Hold a sense of personal responsibility over a sense of entitlement, Heritage scholar Ryan T. Anderson urged graduates on May 4 during the commencement address at Regent University. In a speech titled “Truth, Responsibility and Love,” Anderson exhorted the class of 2013 to consider their responsibilities in a world preoccupied by spurious “rights.”
“You will hear some claim a right to do whatever they want, provided it doesn’t harm others, by which they mean others who can complain about it. Notice where this leaves the vulnerable, the marginalized and the unborn,” Anderson said, alluding to the murder trial of Philadelphia abortionist Kermit Gosnell.
“You will hear others claim a right to fulfill their desires without consequence, without judgment, but with subsidies. Just think of ‘The Life of Julia,’” he added, referring to the online slide show last year saluting the swelling nanny state under President Obama. “What if, in addition to rights, we thought of the other R-word: responsibilities? What if we spoke of duties and obligations?”

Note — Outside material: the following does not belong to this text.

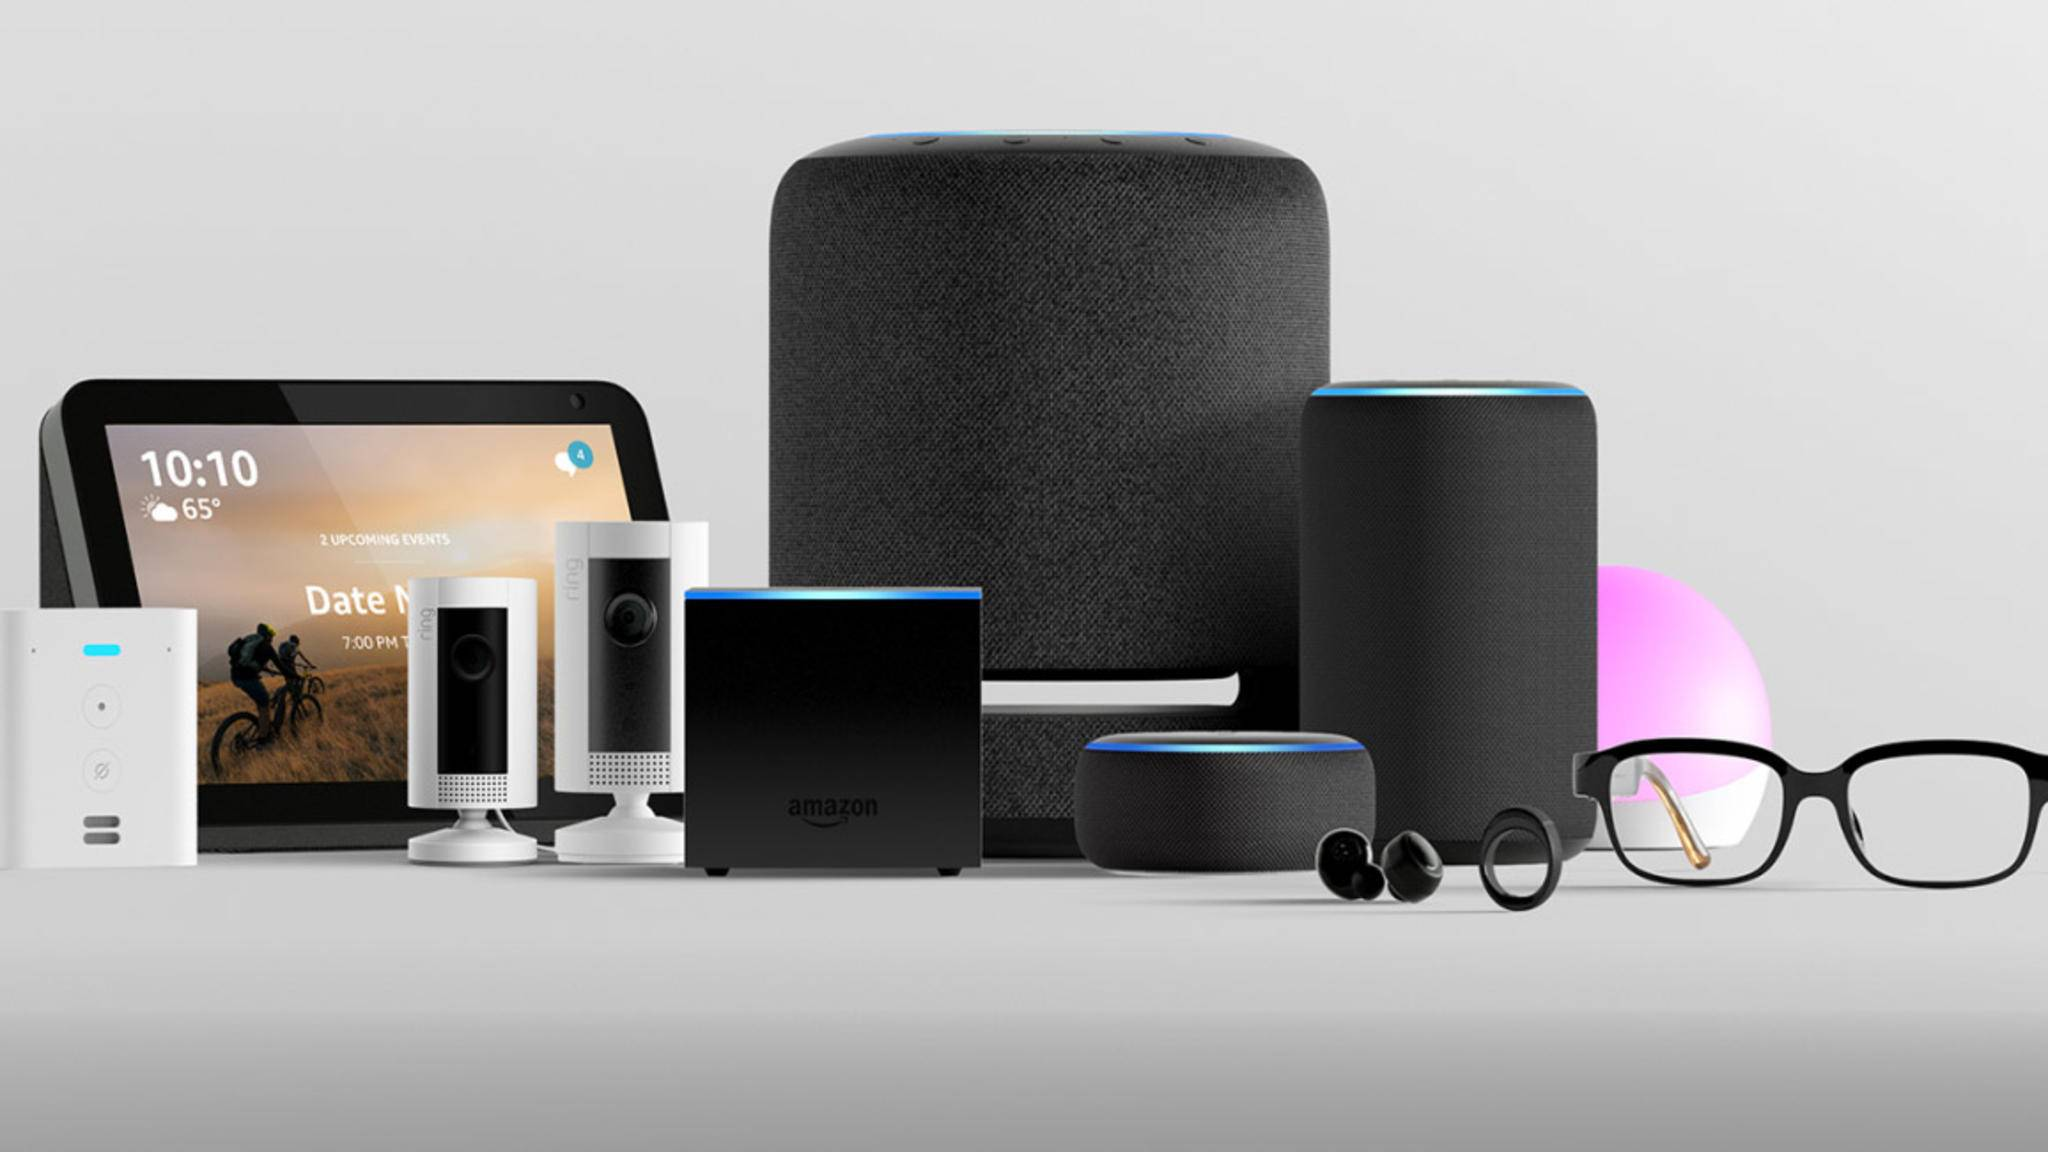 Die Amazon-Echo-Familie wird immer größer.

In a rare honor for someone of Anderson’s age (31), Heritage’s William E. Simon Fellow in Religion and a Free Society was asked to speak at the Christian college in Virginia Beach in recognition of his work on marriage, religious liberty, bioethics, and life.

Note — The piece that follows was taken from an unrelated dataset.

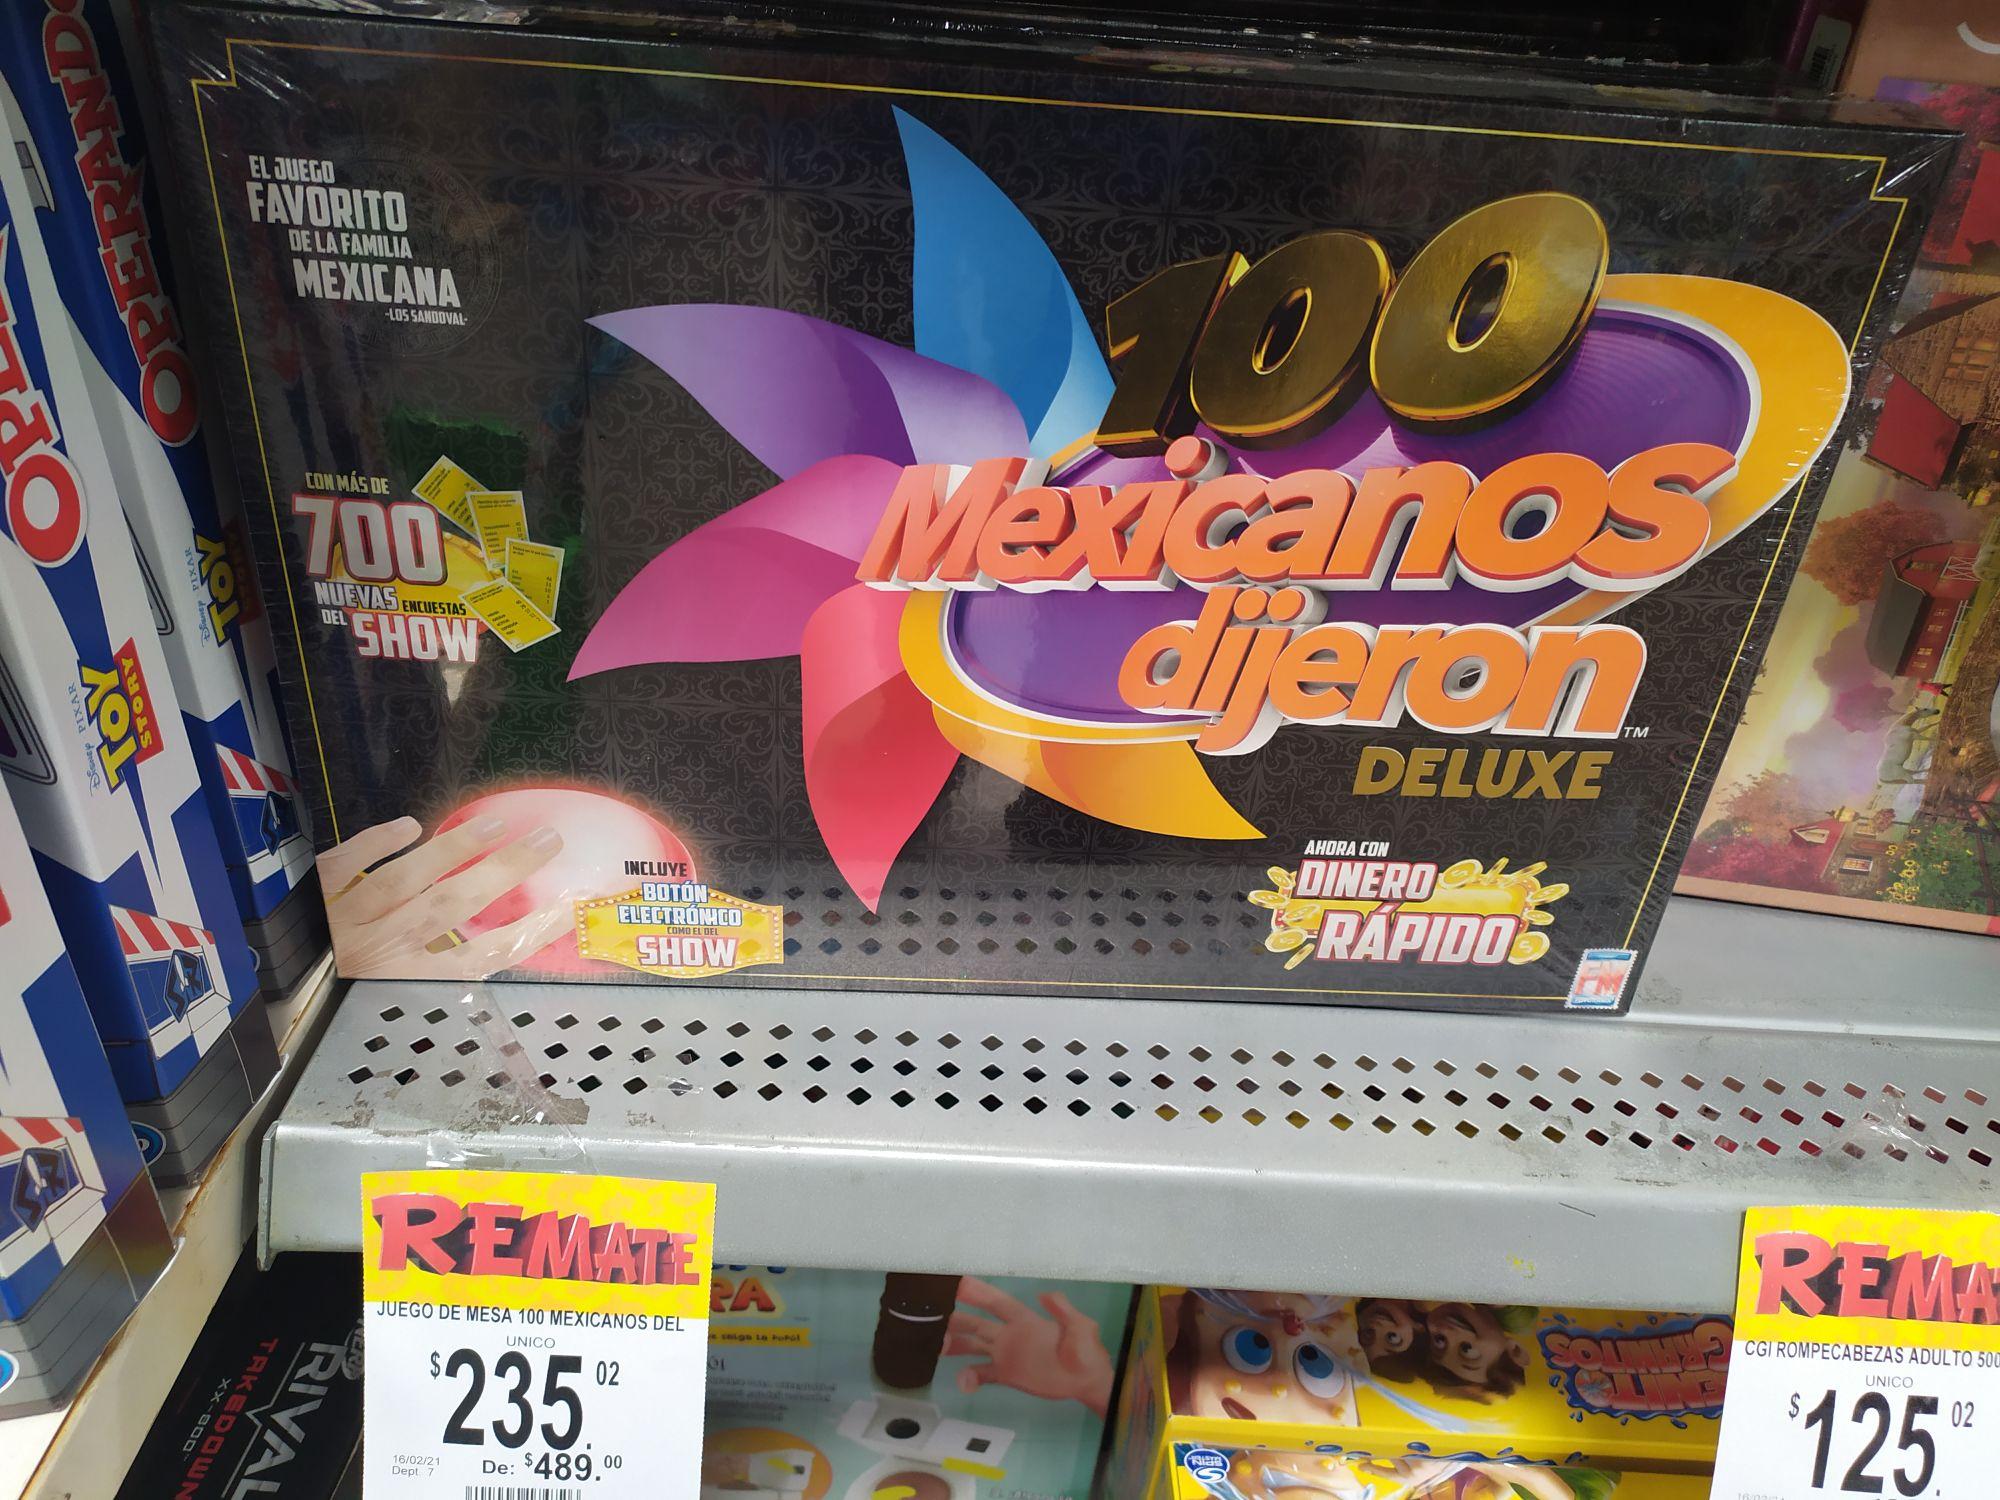 Bodega Aurrerá: 100 mexicanos dijeron Deluxe

Anderson pointed the Regent graduates to the importance of inter-generational responsibilities within the family—parents for their children, but also children for their aging parents:
And as mothers and fathers you have the responsibility to care for and educate your children. Government should empower you to fulfill those duties. It shouldn’t interfere or indoctrinate. Nor should it use health care laws or anti-bullying programs to promote a sexual ideology at odds with the values that responsible parents try to instill in their children.
Too many of us think it’s the government’s job to care for our aging parents and grandparents. But when Scripture speaks of honoring your mother and father, it doesn’t only mean behaving yourself when you’re a kid. It also means caring for your parents as they age. Whenever possible, inviting them into your homes, rather than sending them to a nursing home. Viewing them as your responsibility, not just Social Security’s.

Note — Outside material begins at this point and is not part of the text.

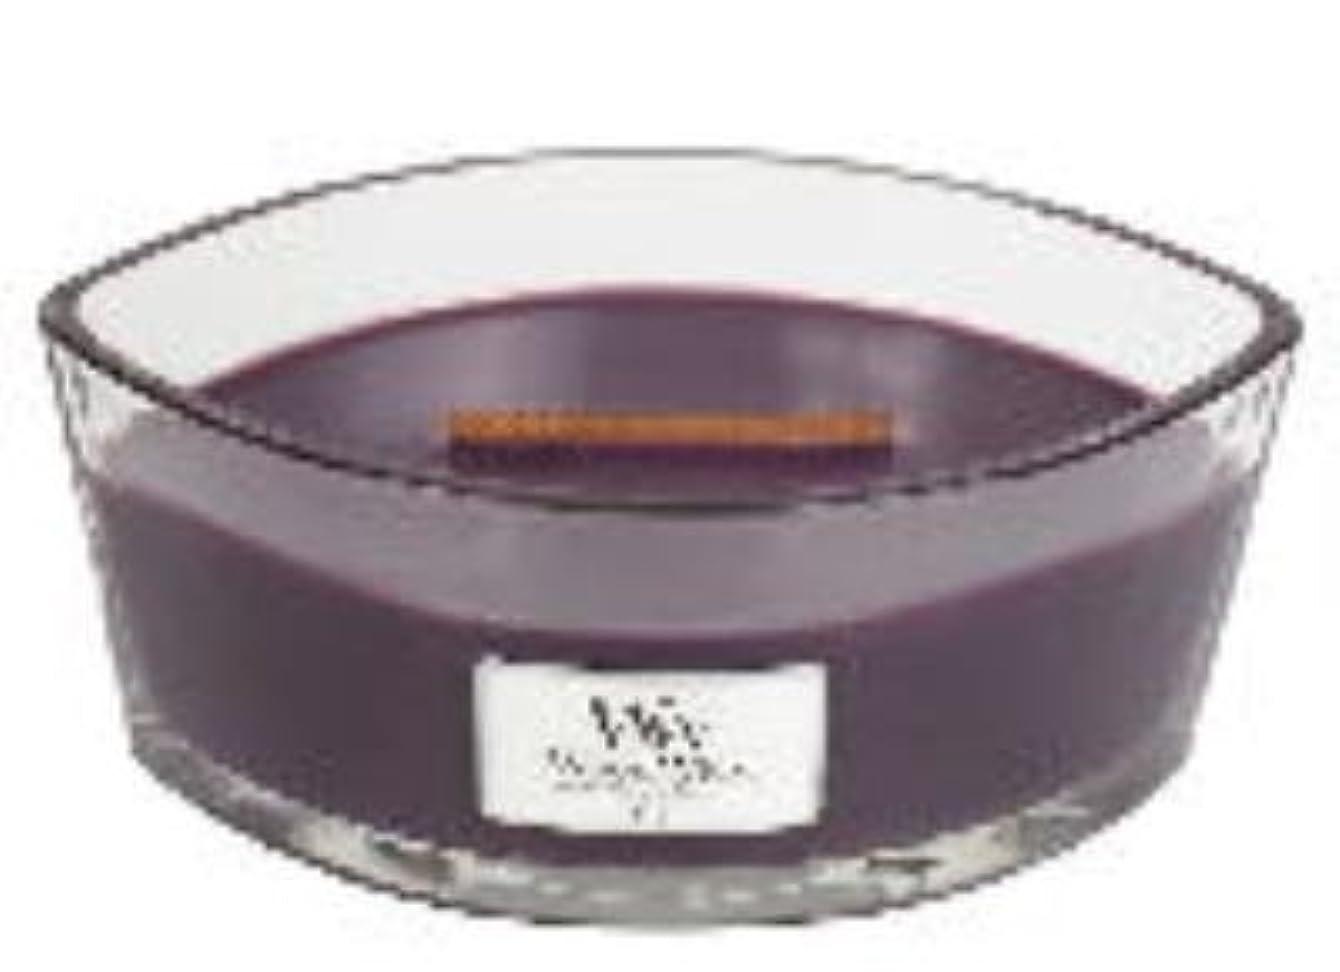 トピックマウントバンク現代のFig Elipse HearthWick Flame Scented Candle by WoodWick

He went on to make a moral case for capitalism:
We know that the market economy—along with families headed by married couples—has done more to lift people out of poverty and into a flourishing life than any other institution. But it only works if people of good character and upright morals are at the helm. Markets are inert apart from the values that actors bring to them—and you have responsibility for your market action.
And Anderson urged the Regent grads to serve the poor—not through ever-growing government programs, but as individuals participating in churches, charities, and other institutions of civil society:
People experience hard times, and your obligations to your neighbors won’t stop in the boardroom or at the storefront.…Long before the nation-state existed, Christians were caring for the sick, the widowed and the orphaned.…Who among the graduating class of Regent University will start a shelter with job-training programs? Who will open a health care clinic in our inner cities?